There was one other guest present. Lady Roulson introduced him to us as Lieutenant Juster, a naval officer. He was a man about thirty, tall and muscular, and he looked as though he climbed trees for practice when there were no masts available.

That was before Lady Roulson offered him one of her cigars. Afterward, he took on an unhealthy greenish tint and acted seasick. Charles, Rick, and I declined cigars on the grounds that we didn’t smoke, which Lady Roulson clearly considered an inadequate excuse. She suggested cigarettes and then snuff before she decided to drop the matter.

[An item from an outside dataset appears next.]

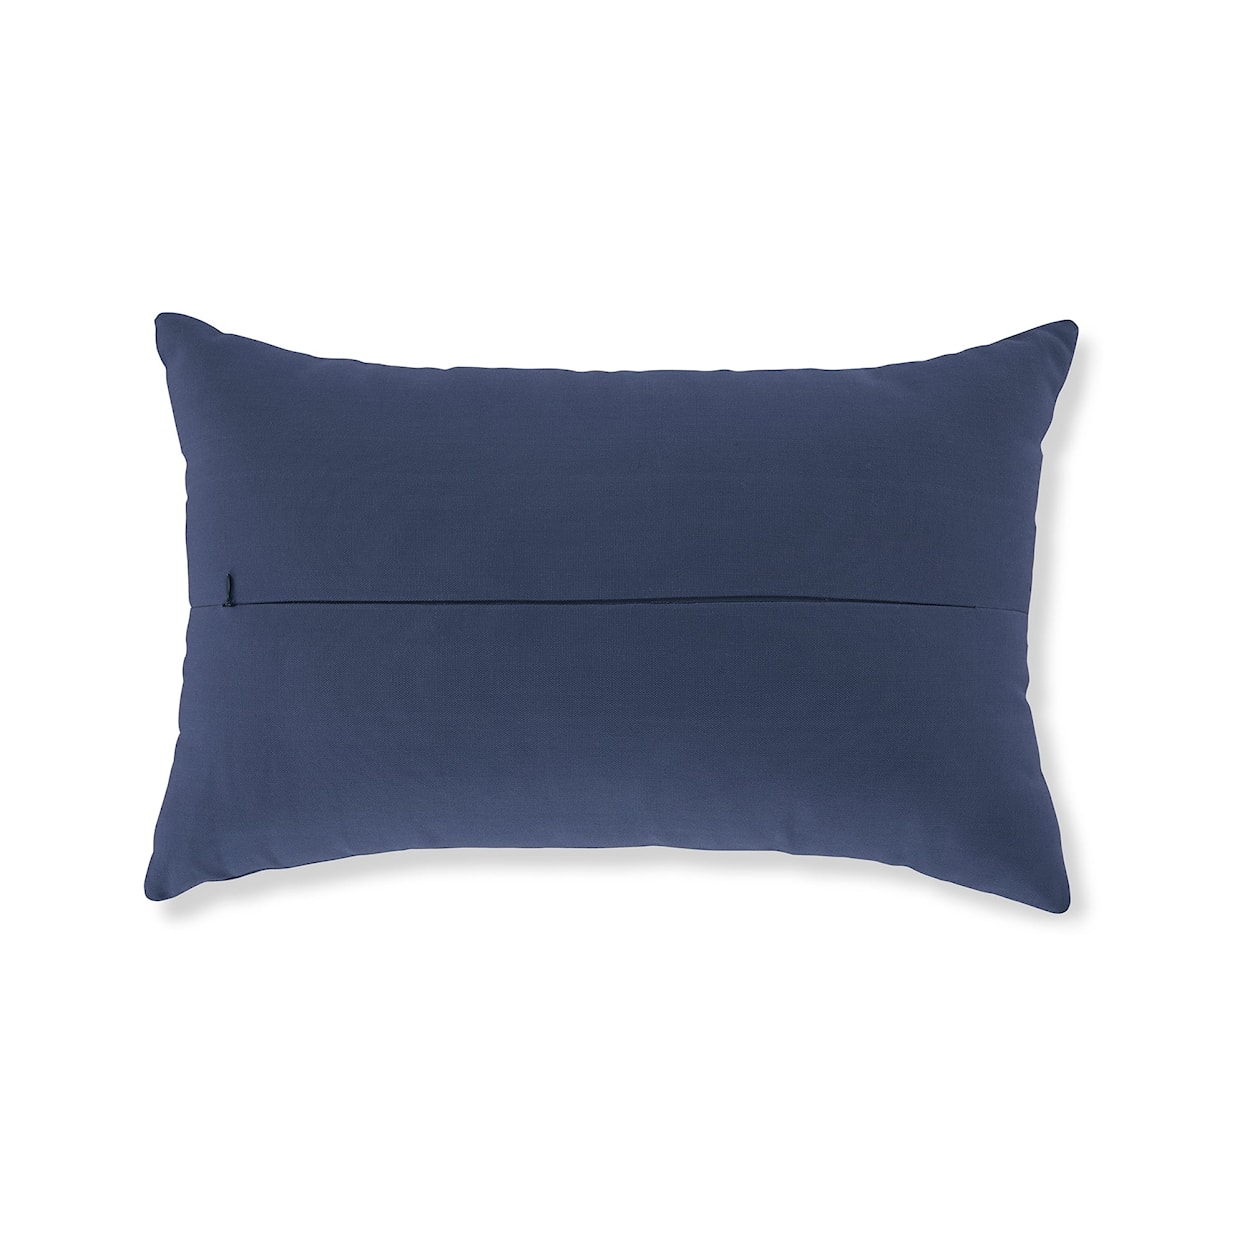 Ashley Furniture Signature Design Velvetley Pillow

We had what Lady Roulson called a small luncheon. It consisted of roast beef, leg of lamb, pork pie, mutton chops, veal cutlets, three kinds of fish, oyster pie, and assorted vegetable dishes, all fortified with a quantity of breads, buns, and crumpets and followed by a sideboard that groaned under the weight of cakes, puddings, tarts, muffins, and fruits. Each phase of the meal was marked off with ale or wine. While we ate, Lady Roulson and Lady Sara talked about horses. From their own expertise, Rick and Charles were able to contribute occasional remarks about methods of breeding, breaking, and training horses in the Midlands. The naval lieutenant and I, having nothing to say, occupied ourselves with eating. When, immediately after the luncheon, Lady Sara called a strategy session, I felt almost too comatose to participate, and Lieutenant Juster had difficulty removing himself from the table.

Lady Sara gave me a sympathetic look. “Any meal with Lady Roulson is likely to be a feast,” she said. Then she added, “I hope Lieutenant Juster is able to function. He has been sent to help us by the Admiralty.”

“Then it is a case of smuggling,” I exclaimed.

She shook her head. “The Snells are guilty of far worse crimes than that, and they committed them on the high seas, which explains the Admiralty’s interest.”

The lieutenant studied the photographs of the Snell farm like a ship’s captain scowling at foul weather. I suspected he was having difficulty focusing his thoughts after all that food and wine. “Were you thinking of a raid?” he asked finally.

“That can be decided later,” Lady Sara said. “First we must find out what the problem is.”

Lady Roulson made certain all of us were dressed warmly enough for an excursion on the chill North Sea waters. Then Lady Sara led the way down to the pier and got everyone arranged in the dingy to her satisfaction. Rick and Charles sat amidships, each with a pair of oars; Lady Roulson and I took the bow, she with a chart and me with a lead line, a contrivance I had never used before; Lady Sara and the lieutenant sat in the stern with Lady Sara handling the tiller. There was a small mast with a single sail, but we kept the sail furled. Oars were best for the kind of mission Lady Sara had planned.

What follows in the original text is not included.